As the dominant group in the UTO, the IRPT was given the lion’s share of the 30% of places in government promised to the opposition under the terms of the peace agreement.
The party had two deputies in parliament until 2015 when it failed to win any seats in elections. The IRPT had more than 40,000 registered members at the time (though the party claimed the number of actual supporters was as many as 10 times higher), so was second only to Rahmon’s ruling People’s Democratic Party of Tajikistan.
After the loss of its seats in parliament, the IRPT’s fortunes took a sharp turn for the worse.
The 2015 parliamentary elections were conducted at the start of March, and by the end of that month, state-appointed imams were already calling for the IRPT to be banned. On August 28, 2015, Tajikistan’s Justice Ministry said the IRPT did not have the required representative offices around the country and ordered the party to cease all activities.
Tajik authorities claim the party was involved in an alleged mutiny led by Tajikistan’s deputy defence minister at the start of September 2015. The government never provided any compelling evidence to support the claimed involvement of the IRPT in the murky affair, but on September 29, the country’s Supreme Court declared that the IRPT was a terrorist group and arrests of IRPT leaders started.
Many IRPT members had already fled the country, Kabiri among them, and they continued their work in exile. Sadriddin referred to this in his August 6 statement, writing, “The majority of our members, due to years of repression and persecution, have lived outside the country as refugees for the past decade.”
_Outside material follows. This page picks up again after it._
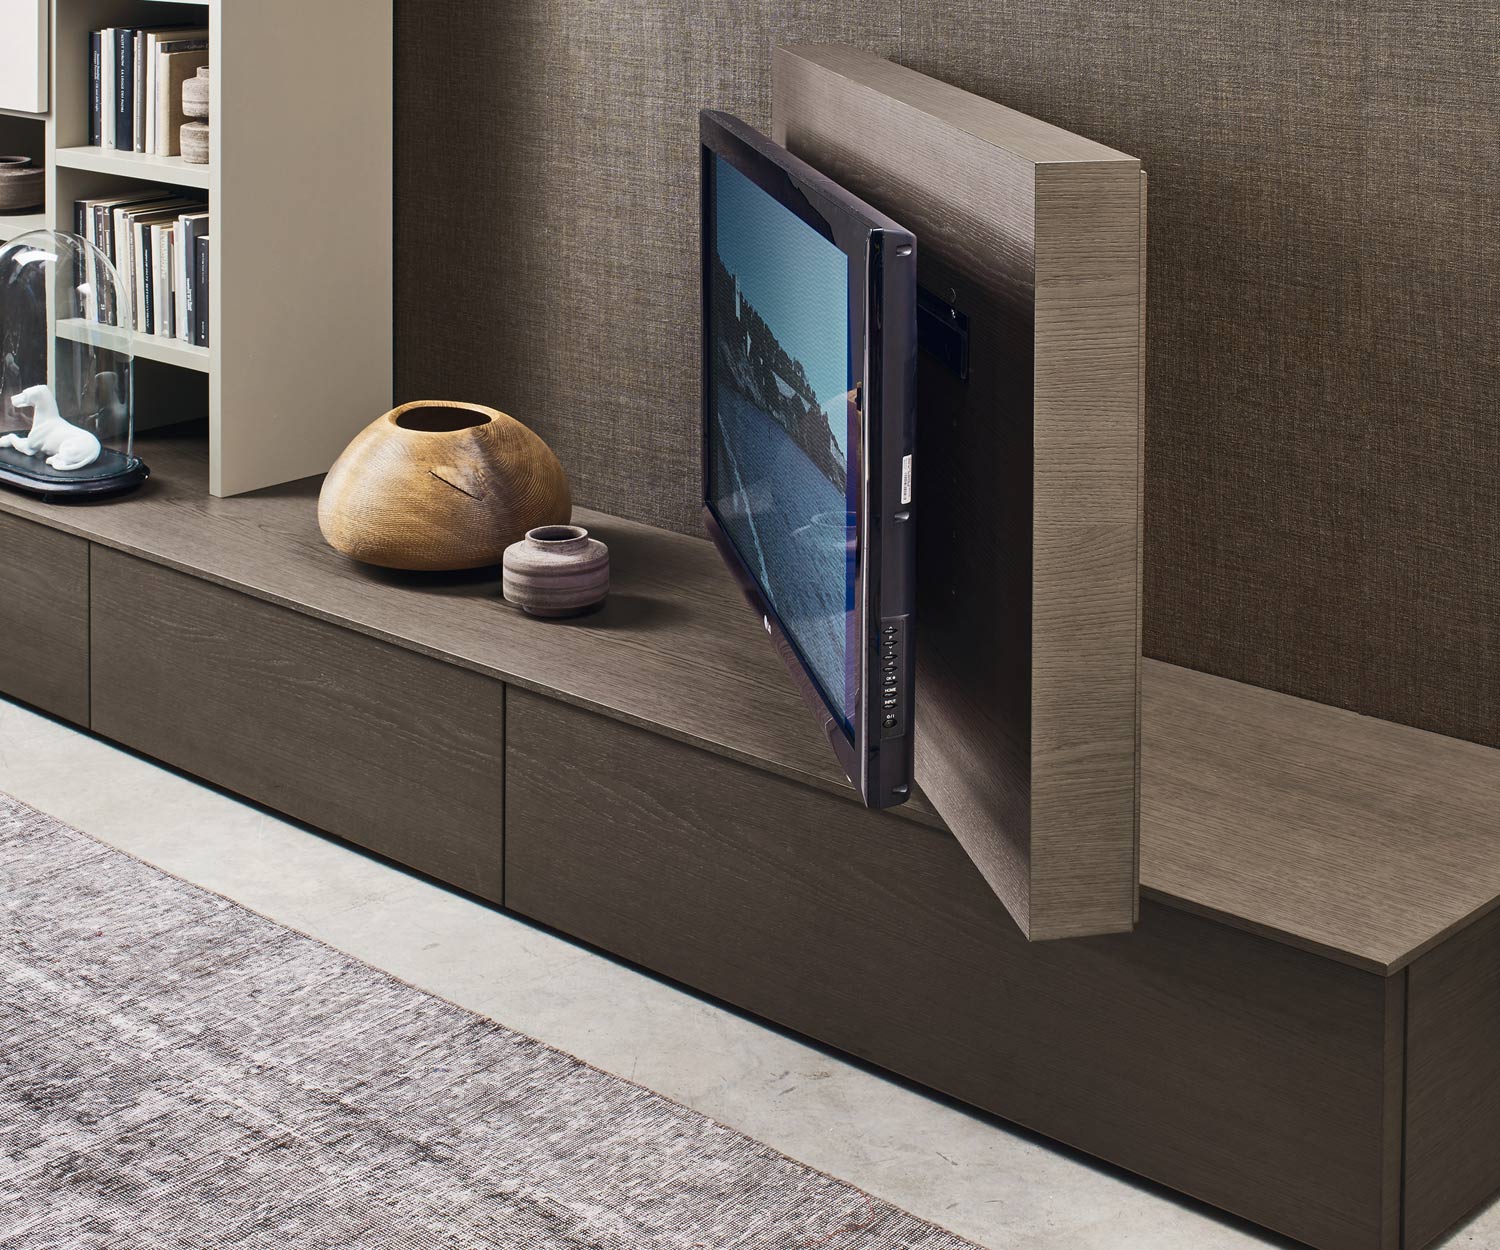 Esclusivo design Livitalia Vision con pannello TV orientabile a 90°.

In the March 2025 video, Sadriddin said Kabiri had been IRPT leader long enough. “Leaving with dignity is a manifestation of heroism,” Sadriddin said, calling for the electing of new, younger members at the then upcoming May assembly of the IRPT leadership for the selection of the party leader. He also accused Kabiri of rigging the upcoming poll and warned that his tenure was making him a second Rahmon.
The IRPT has not commented on Sadriddin’s criticism, except to say it was unfounded.
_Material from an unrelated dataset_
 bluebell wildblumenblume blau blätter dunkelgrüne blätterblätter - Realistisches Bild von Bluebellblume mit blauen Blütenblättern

Kabiri was elected to another four-year term as IRPT chairman at the May assembly.
Tajik opposition’s hard road ahead
In September 2018, the IRPT and three other Tajik opposition groups in exile – the Movement for Reforms and Development, the Association of Central Asian Migrants and the Forum of Tajik Freethinkers – formed the National Alliance of Tajikistan (NAT).
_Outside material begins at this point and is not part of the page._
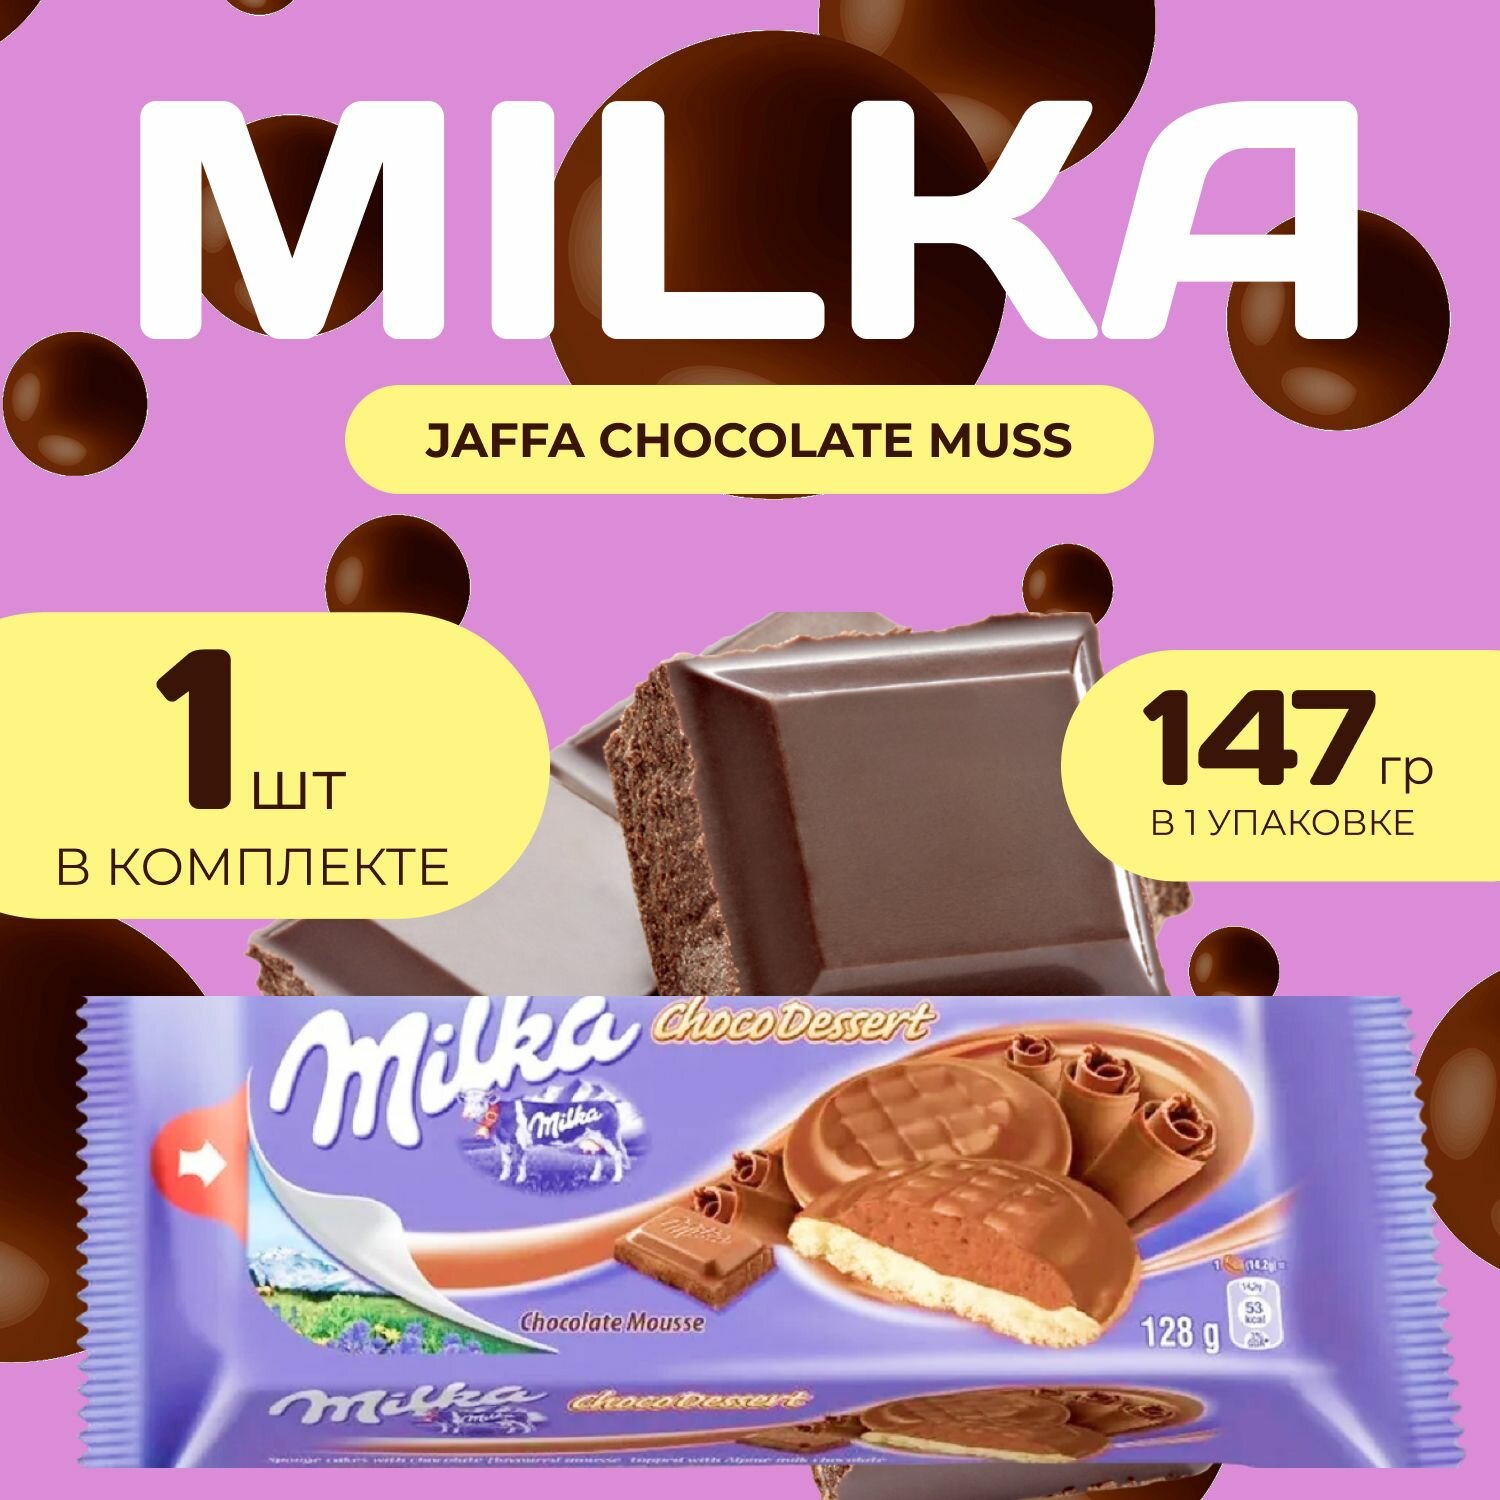 Milka Печенье Джафа с Шоколадной начинкой 147 гр.

Tajikistan’s Supreme Court declared the NAT a terrorist and extremist organisation In March 2019.
The formation of the NAT marked a high point in cooperation among Tajik opposition parties and movements not seen since the days of the civil war. However, the Movement for Reforms and Development withdrew from the NAT in August 2024. Movement leader Sharofiddin Gadoyev accused Kabiri and the IRPT of dominating the NAT. “Now all decisions in NAT are made in favour of the chairman of the Islamic Renaissance Party of Tajikistan,” Sharofiddin claimed.
Sadriddin’s departure has dealt another blow to the Tajik opposition’s hopes of regaining some influence inside Tajikistan. He said some 200 other opposition activists, mostly living in Europe, were joining his new movement.
Rahmon’s government continues stamping out any signs of political opposition inside Tajikistan and has already imprisoned at least 25 people suspected of gathering information or providing funding for Sadriddin’s website.
Tajik authorities have also relentlessly pursued opponents like Sadriddin and Kabiri who are outside the country.
Dozens of opposition politicians and activists have been extradited back to Tajikistan in recent years, including some who were sent back by governments in Europe.
It is a frustrating situation for the Tajik opposition outside Tajikistan and it appears that the exasperation is wearing on their alliances.
Sadriddin, however, has left the door open for new partnerships, writing: “We are ready to cooperate with all opposition forces standing against the dictatorial regime….”
Unity among Tajikistan’s opposition groups in exile would seem to be essential if they ever hope to regain influence inside Tajikistan.